Wednesday, February 26, 2025

UN records 47 suicide cases among refugees in Uganda

By James Owich, KAMPALA Uganda, Israel

Up to 47 refugees living in Uganda died by suicide in 2024, a United Nations High Commission for Refugees (UNHCR) report has detailed.

The suicide cases were recorded between January and December 2024, according to the UN refugee agency’s 2024 suicide dashboard published on January 10, 2025.

“Generally, 14 more deaths by suicide were recorded in 2024 compared to 2023 triggered by family disagreements, financial problems, and lack of basic needs, domestic violence, and previous mental illness as the leading causes.”

While 85 per cent of the suicide victims were males, 15 per cent were females, with the average age of the victims being 34. During the same period, 141 refugees attempted to take their own lives.

The same data states that in 2024, a total of 59 deaths by suicide were recorded, while 47 were refugees, and 12 are said to be Ugandan nationals.

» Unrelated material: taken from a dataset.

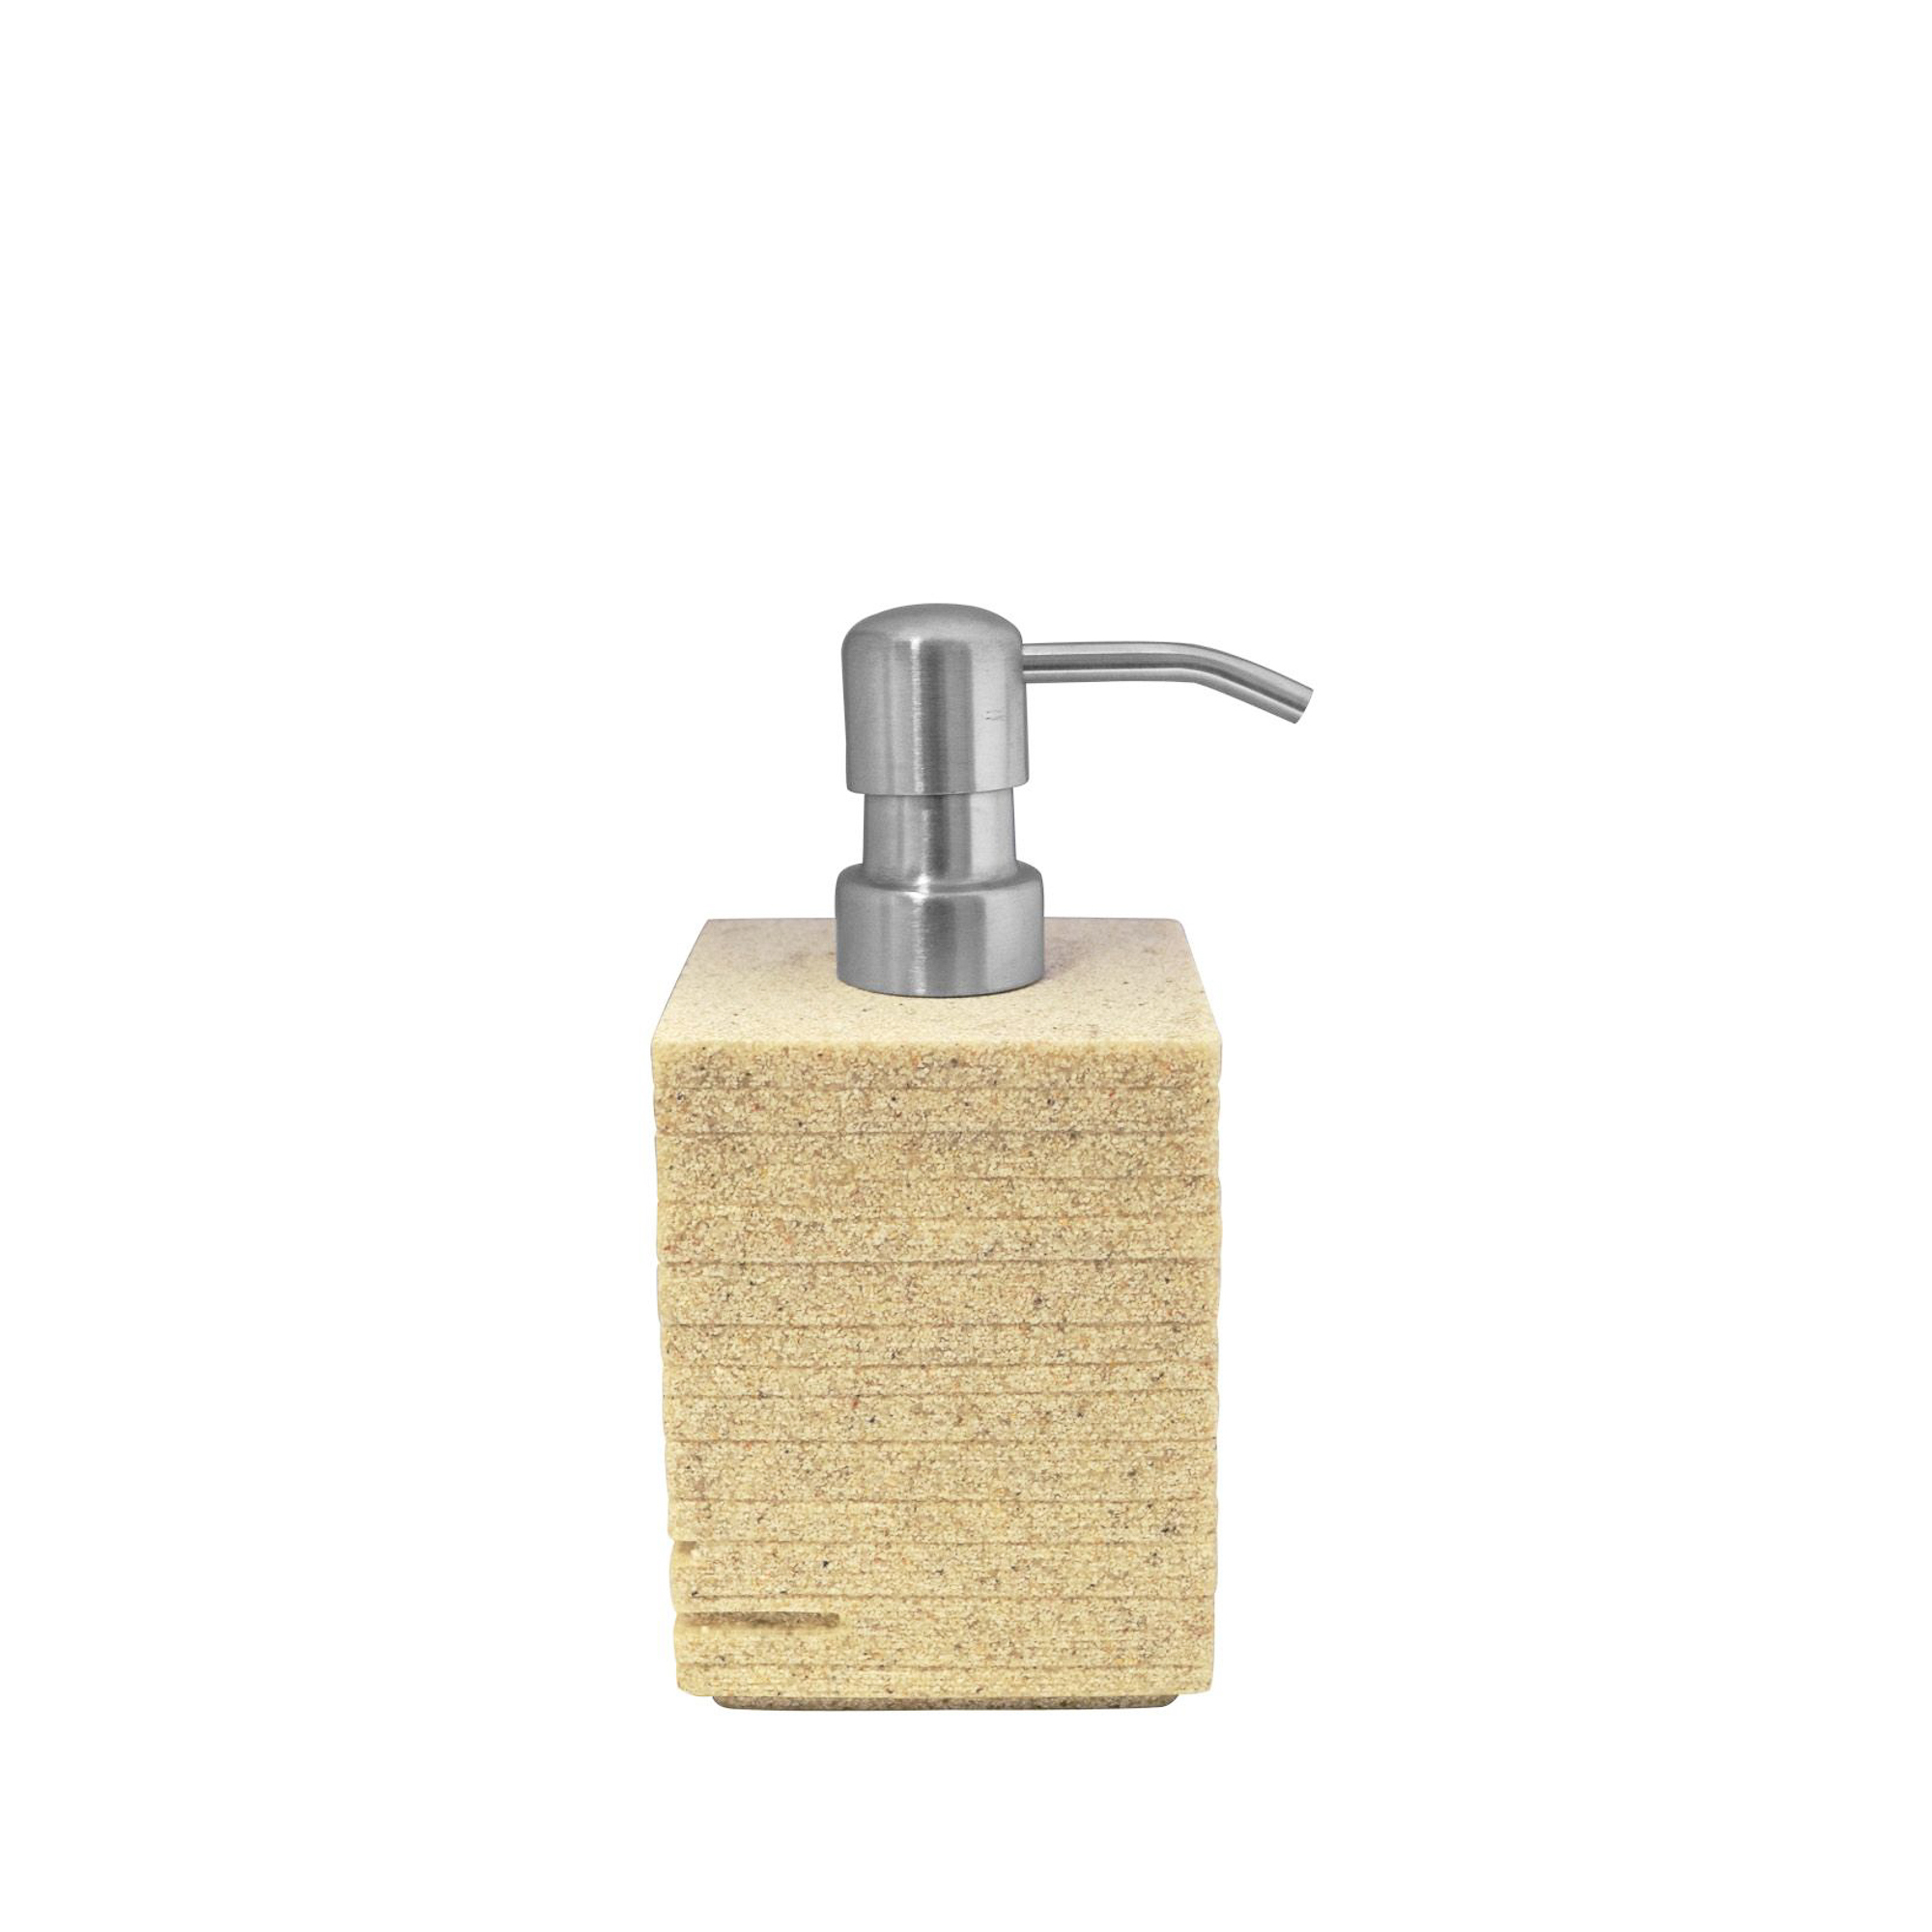 Дозатор для жидкого мыла Brick бежевый Ridder дозатор для жидкого мыла ridder brick 22150510 черный

Among the methods used in most of recorded suicide cases by refugees were hanging by rope, poisoning, ARV drug overdose, herbal concoctions, self-immolation, and drowning, it says.

The UN agency and its partners working to prevent suicide among refugees said the tragic incident was triggered by family disagreements, financial problems, and lack of basic needs, domestic violence and mental illness. Meanwhile, 14 refugees attempted suicide more than once.

The report further indicates that at least 12 Ugandan nationals living near the refugee settlement camps also killed themselves during the same period.

In total, 59 suicide cases and 190 attempted suicide cases were recorded within the refugee settlement camps in Uganda in 2024.

In total, 176 refugees, attempted suicide that year throughout the 11 refugee settlements across the country.

As per the UNHCR 2023 Situation report, at the end of 2023, over 2.2 million refugees were spread across the neighbouring countries of the Democratic Republic of the Congo (DRC), Ethiopia, Kenya, Sudan and Uganda while another 2.2 million South Sudanese were internally displaced.

By the end of 2024, Uganda hosted 41 percent of the South Sudanese refugees in the region, Sudan hosted 30 percent, Ethiopia hosted 18.5 percent, Kenya 8 percent, and the DRC 2.5 percent. 

Ms Victoria Duite, the refugee welfare council II for Palorinya refugee settlement in Obongi district says reduced food rations and the inability to access employment opportunities to raise money to support their children to access education, force women and men to escape back to South Sudan while others end up resorting to suicide.

“The lack of livelihood opportunities combined with reductions in aid increasingly made it impossible for parents to find money to feed their children and keep them in school is a very big driver to suicides,” Ms Duite said.